Trauma and change: will we do things differently?

 

In July 2020, Simon Eden published this blog in collaboration with Green Halo.

In his book “The Language of Cities” Deyan Sudjic, Journalist and Director of London’s Design Museum, suggests that: “It takes trauma to make a complacent city invest in its future”. It’s only when a major crisis – from a loss of a key part of the economy to a natural disaster – shakes a place from the conviction it’s doing OK that real, transformative change can happen.

The Covid-19 virus has certainly been a major trauma for communities across the world, killing thousands and leaving many more with long term damage to their health. In response, we’ve seen unprecedented levels of Government subsidy for jobs and businesses, and radical changes in how society functions and how we relate to our fellow human beings.

Perhaps that trauma is also encouraging us to think afresh about our future. A recent survey conducted for the not-for-profit advocacy group Positive Money by YouGov found that 82% of members of the public questioned wanted the Government to prioritise the health and wellbeing of citizens over economic growth as they shaped a recovery. In the same survey 61% of respondents wanted improved social and environmental outcomes to be the Government’s priority.

Writing in The Economist Mark Carney, former Governor of the Bank of England, suggested that the events of recent months may have given society cause to reassess our values:

“Value will change in the post-covid world. On one level, that’s obvious: valuations in global financial markets have imploded, with many suffering their sharpest declines in decades. More fundamentally, the traditional drivers of value have been shaken, new ones will gain prominence, and there’s a possibility that the gulf between what markets value and what people value will close.”
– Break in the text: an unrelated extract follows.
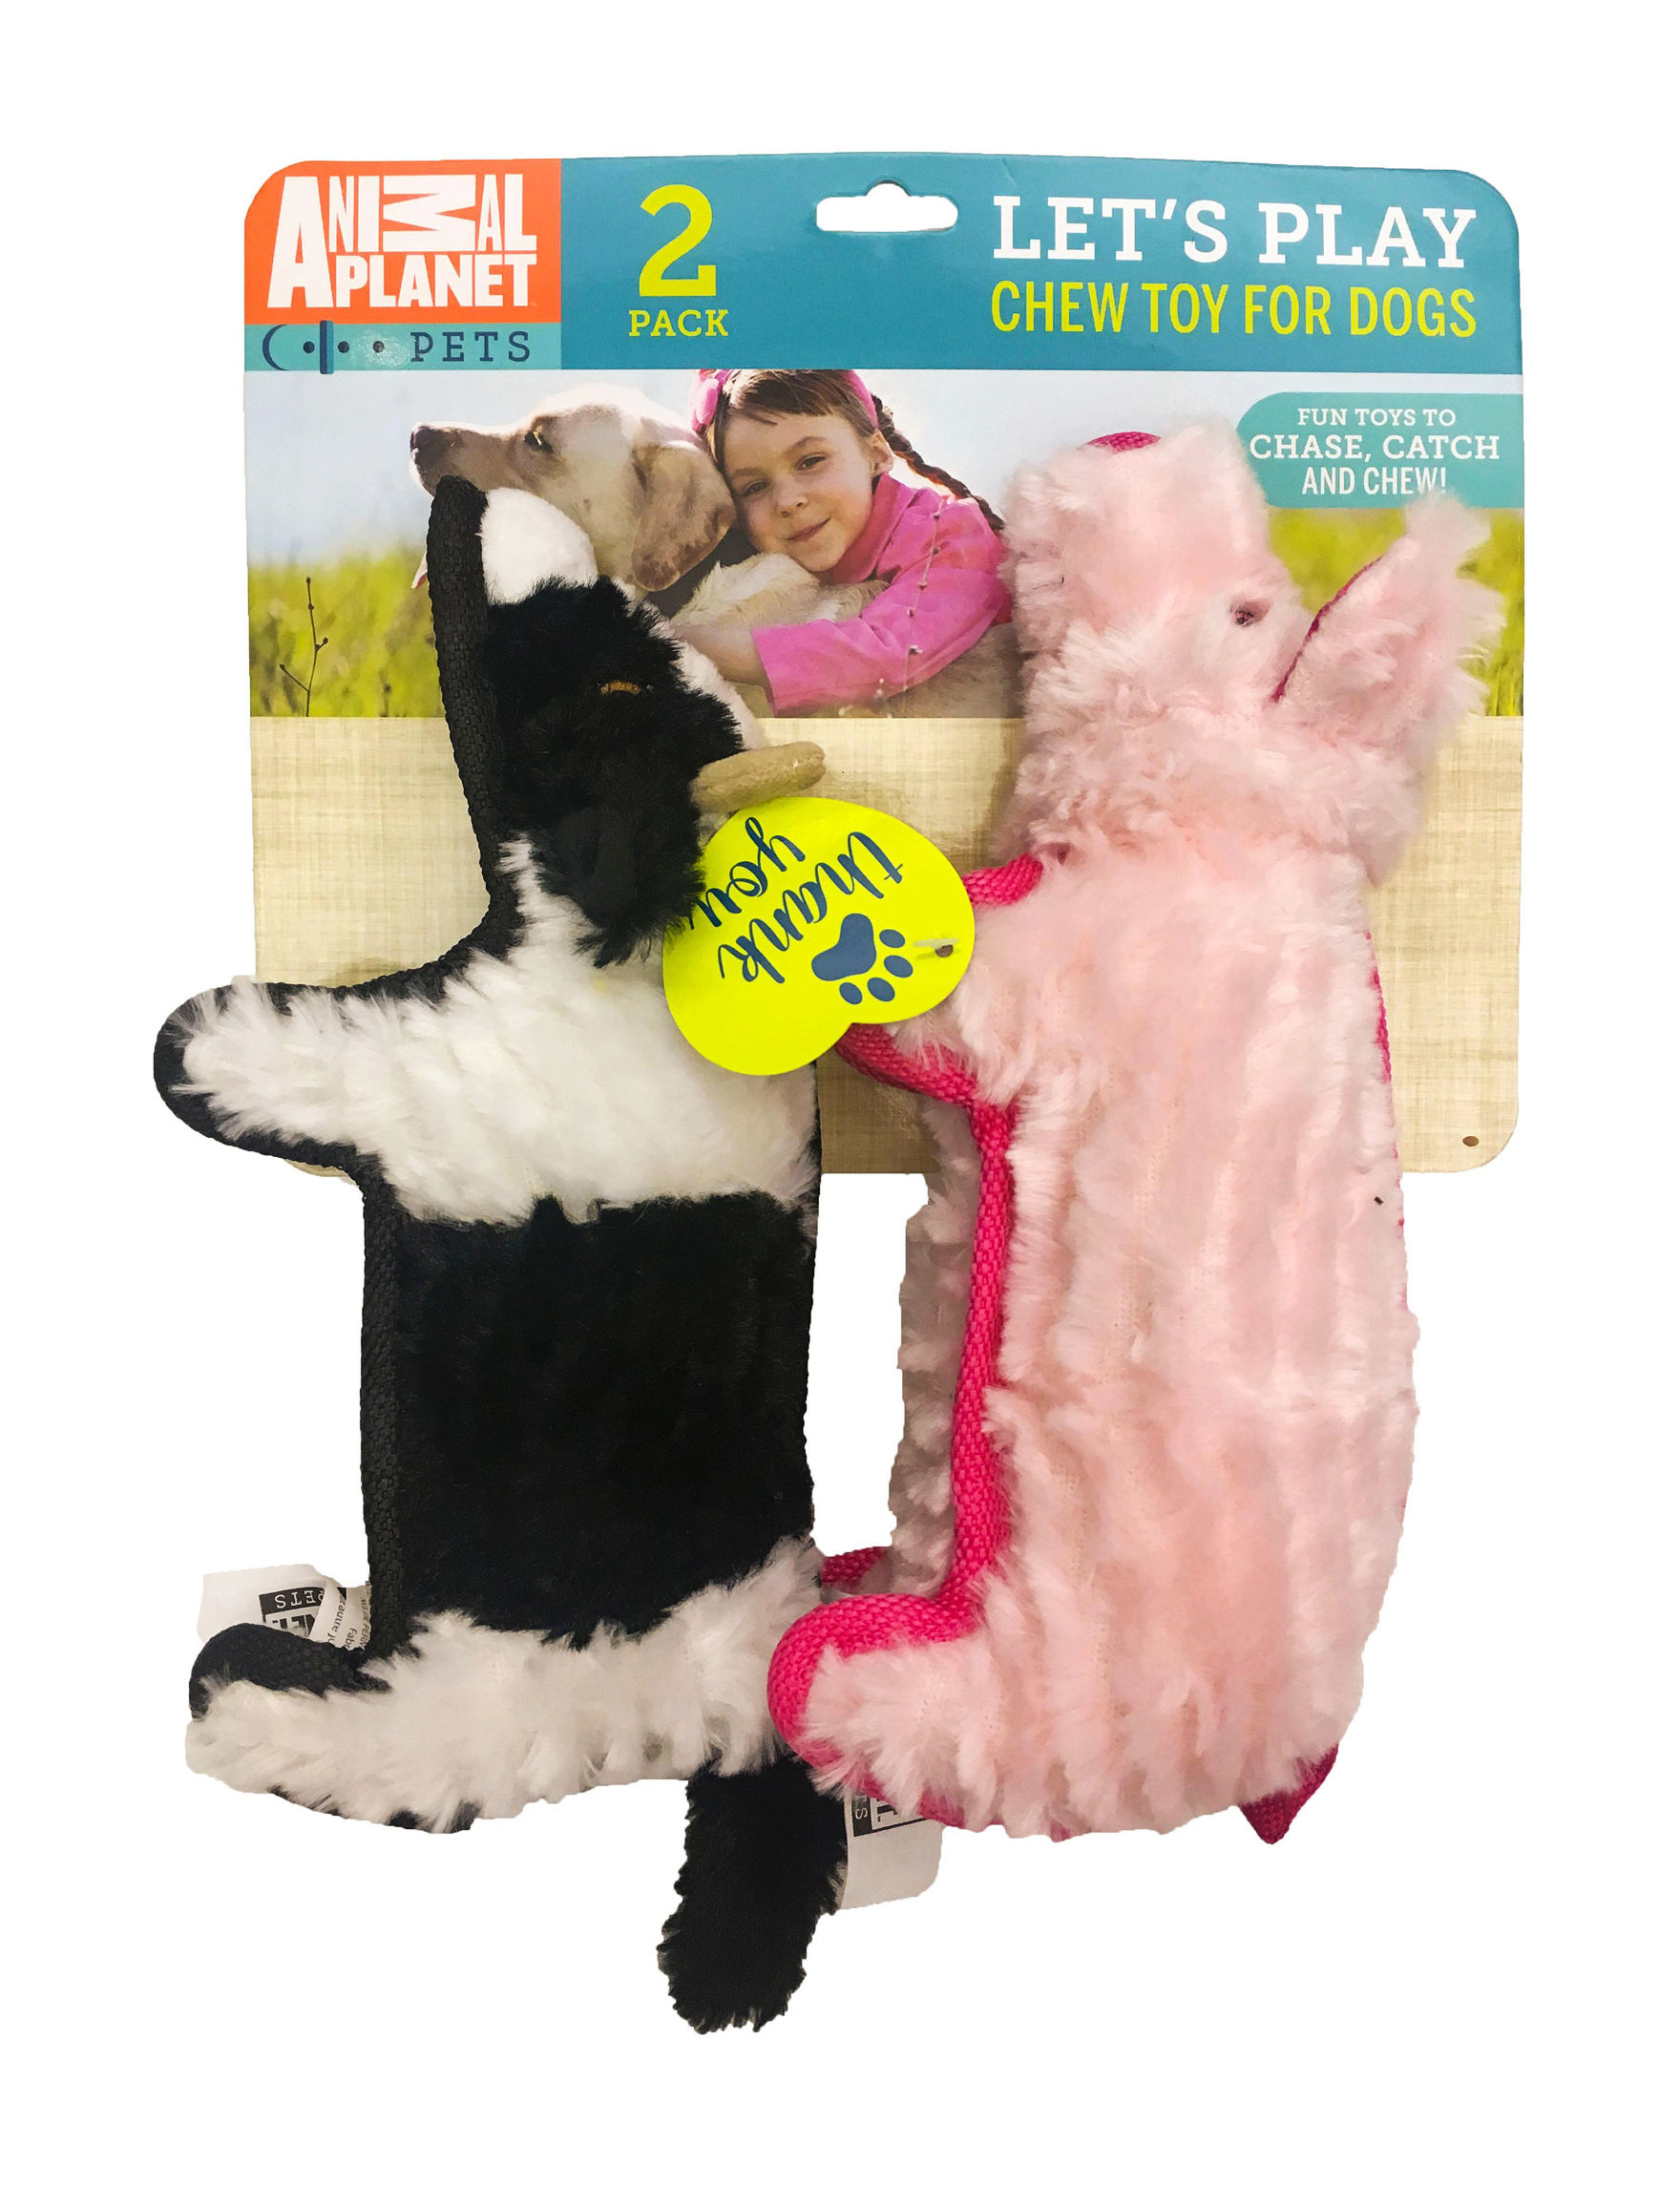 Animal Planet Pink / White / Black Pet Treats & Toys

Of course it’s easy to talk about a different set of values and priorities. The acid test comes as the Government eases the rigid rules of lockdown. Our medium and long-term plans for recovery will be the real measure of whether those aspirations for a different future will be sustained.

Green recovery plan

There are positive signs. Business leaders from the UK have called for a green coronavirus recovery plan, urging the Government to build “a more inclusive, stronger and more resilient” net zero emission economy. Senior bankers across Europe have argued that “this crisis offers us a once-in-a-lifetime opportunity to rebuild our economy in order to withstand the next shock coming our way: climate breakdown”.
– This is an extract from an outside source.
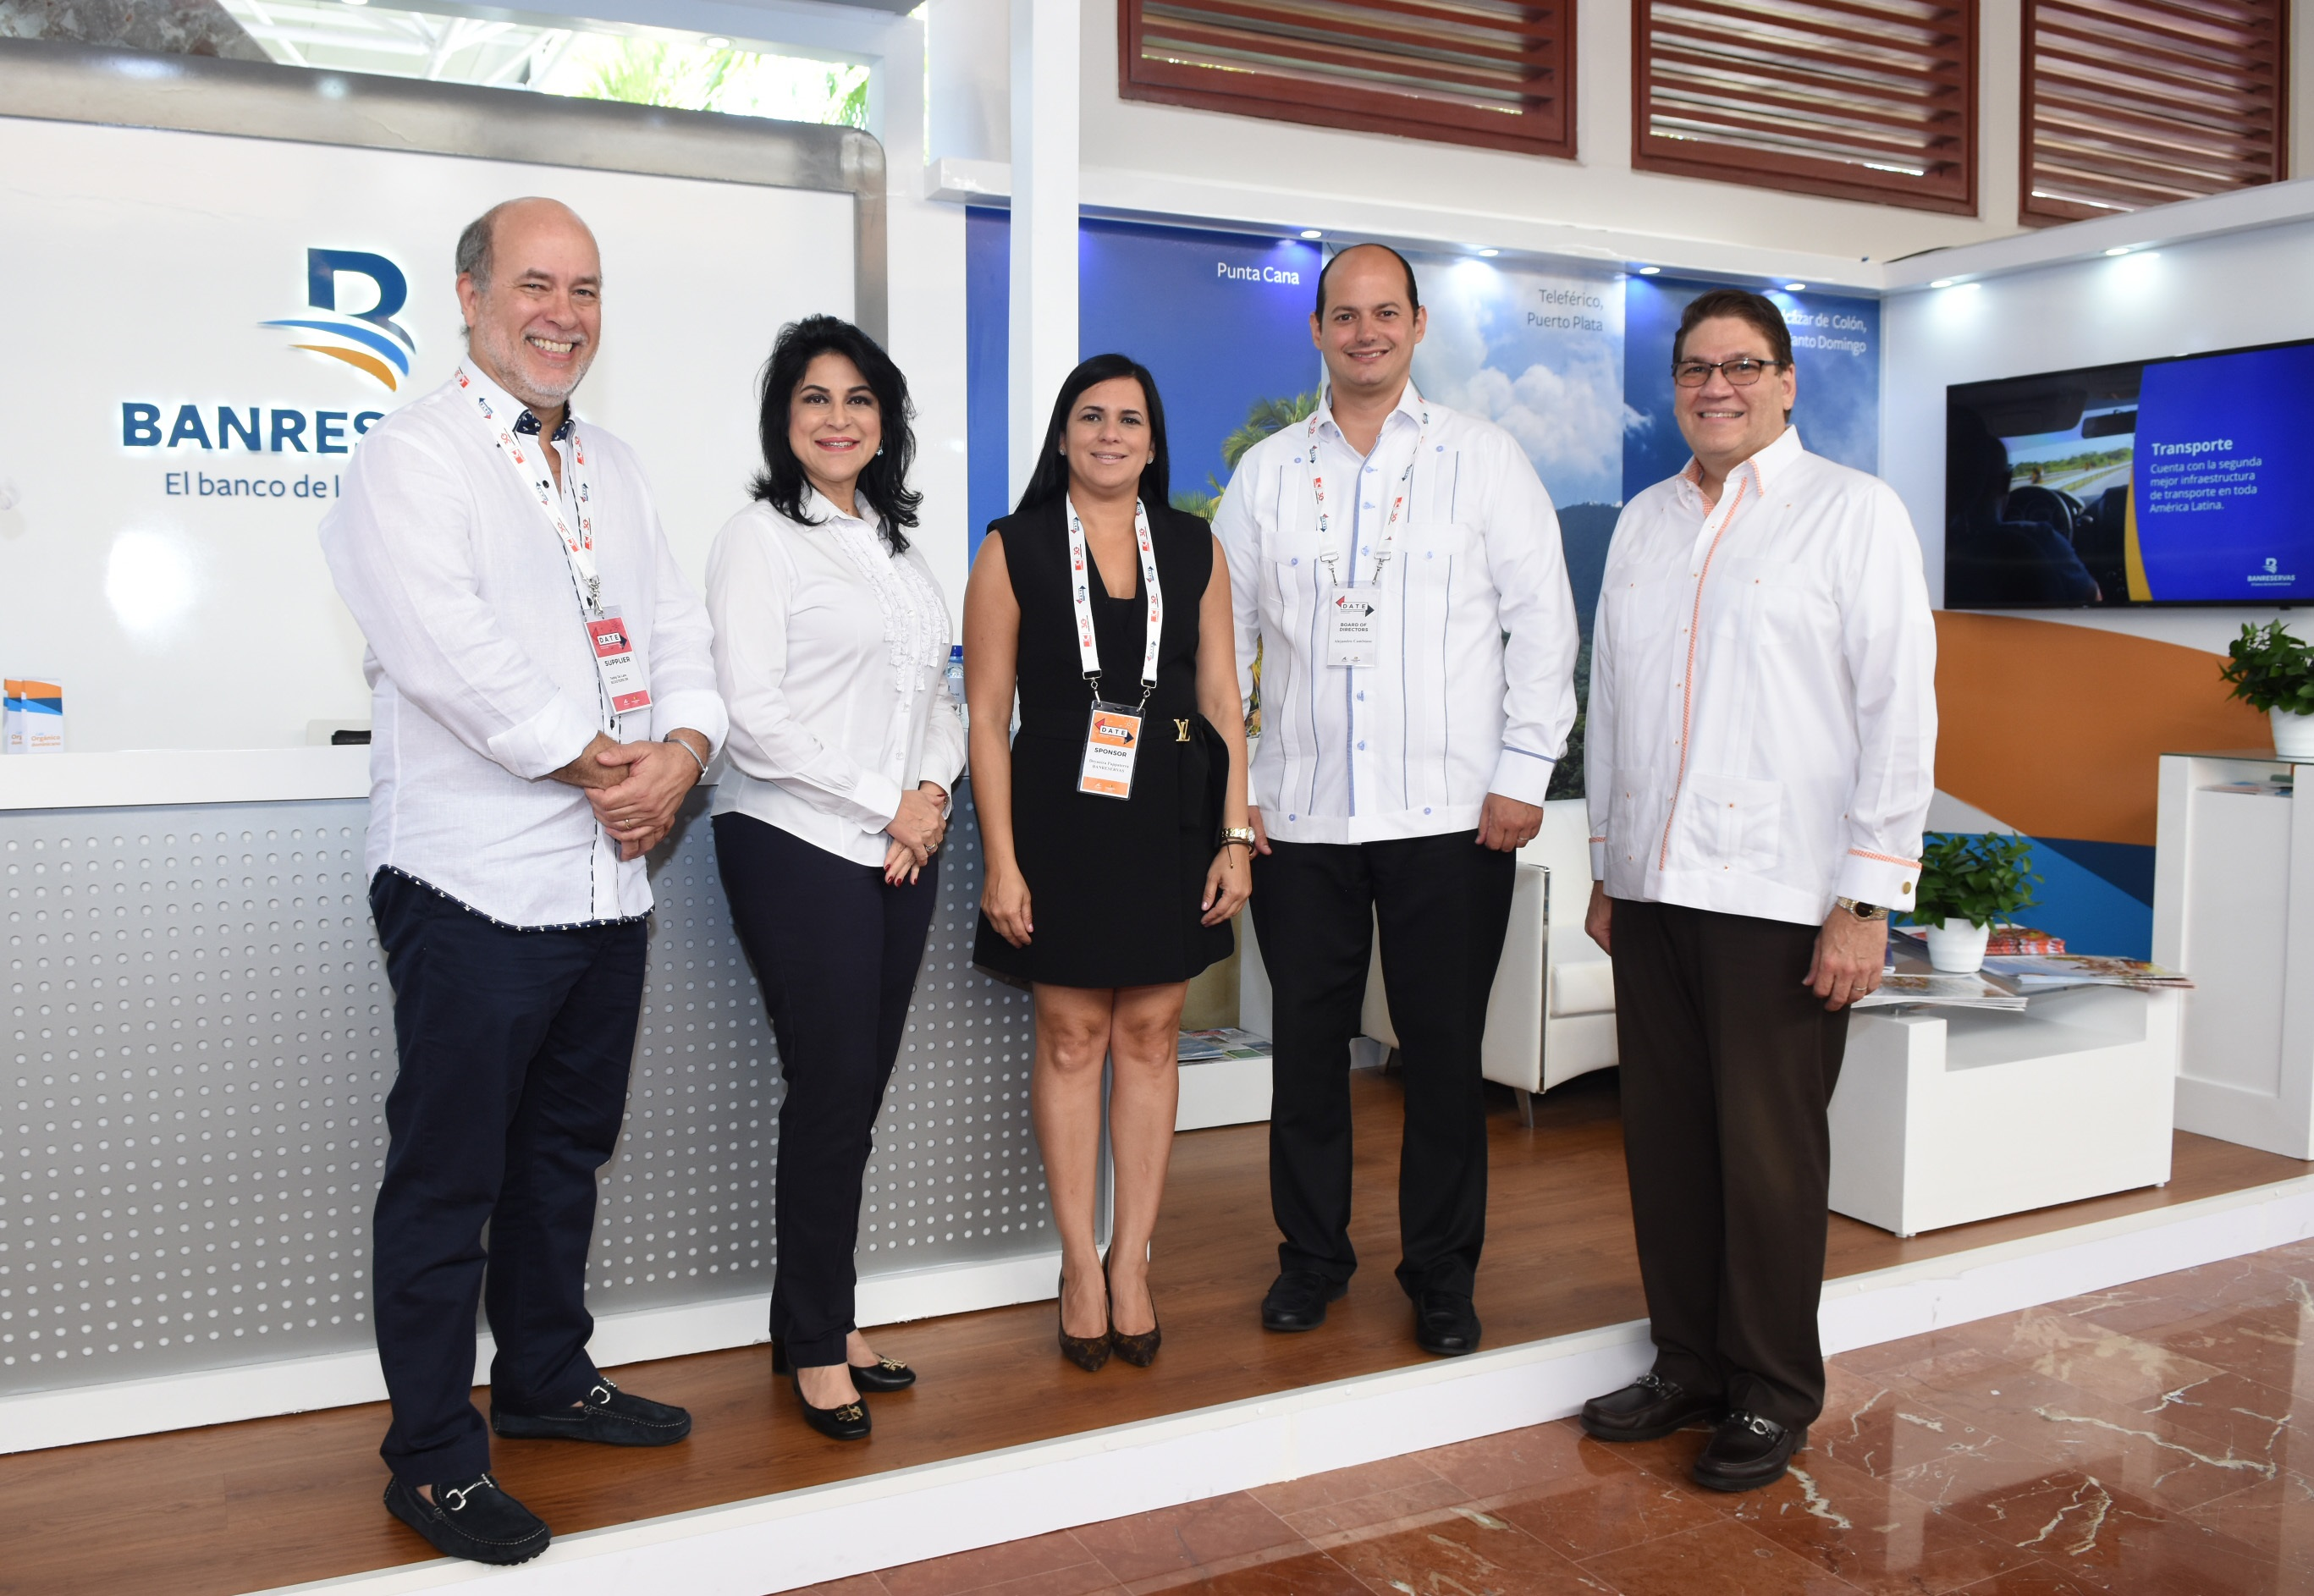 Banreservas participa en Date con portafolio para promover turismo

Of course it’s essential our Government, leading businesses and our financial institutions change how they work and what they prioritise. But we also need individuals across our communities to act differently: to follow up the desire for change they professed to pollsters by adopting a different, less consumerist lifestyle.

Promising signs

Once again, there are promising signs. Bike sales have increased dramatically as people take more exercise, the challenge for the next few months is whether those new cycles become the preferred method of travelling to work. Research by PwC found that, since lockdown, more shoppers had been buying goods from small local stores, and promising to shop with businesses adopting higher ethical standards. Again, what matters is whether these changes, our professed good intentions, will be sustained.
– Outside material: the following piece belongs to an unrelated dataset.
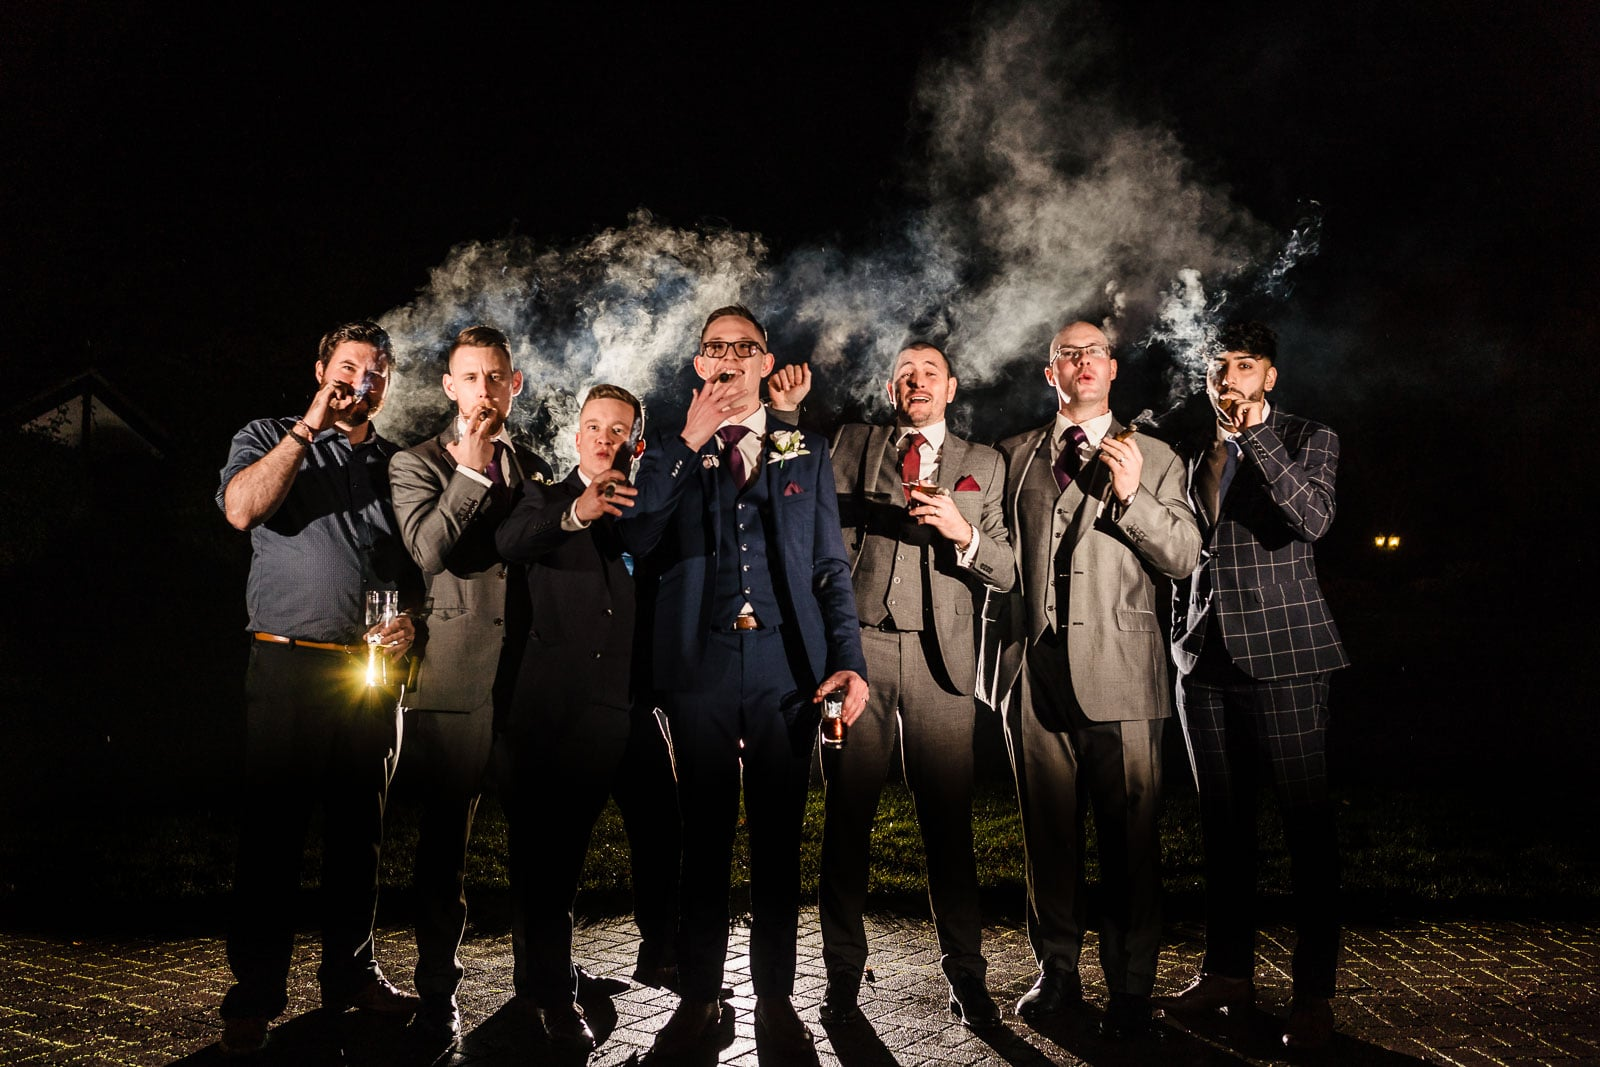 Low light groomsmen cigar photos

How can we help cement those new behaviours? Organisations, institutions and leaders need to set an example: making sure their decisions and actions reflect a desire for a different, more sustainable way of working – what commentators call a ‘green recovery’. Short term recovery is no recovery at all if it simply gets us quickly back to over-consumption of resources, pollution and inequality. So they, we, must resist the temptation just simply get things moving again whatever the cost. They, we, must take the long view of where our best future lies.

Vision for the future

But if these organisations build the framework for a green recovery, individuals need to act within that. Each of us needs to have our own vision for a future where the environment and our health and wellbeing as just as important as the economy, indeed they’re an integral part of the economy we want to build for our future.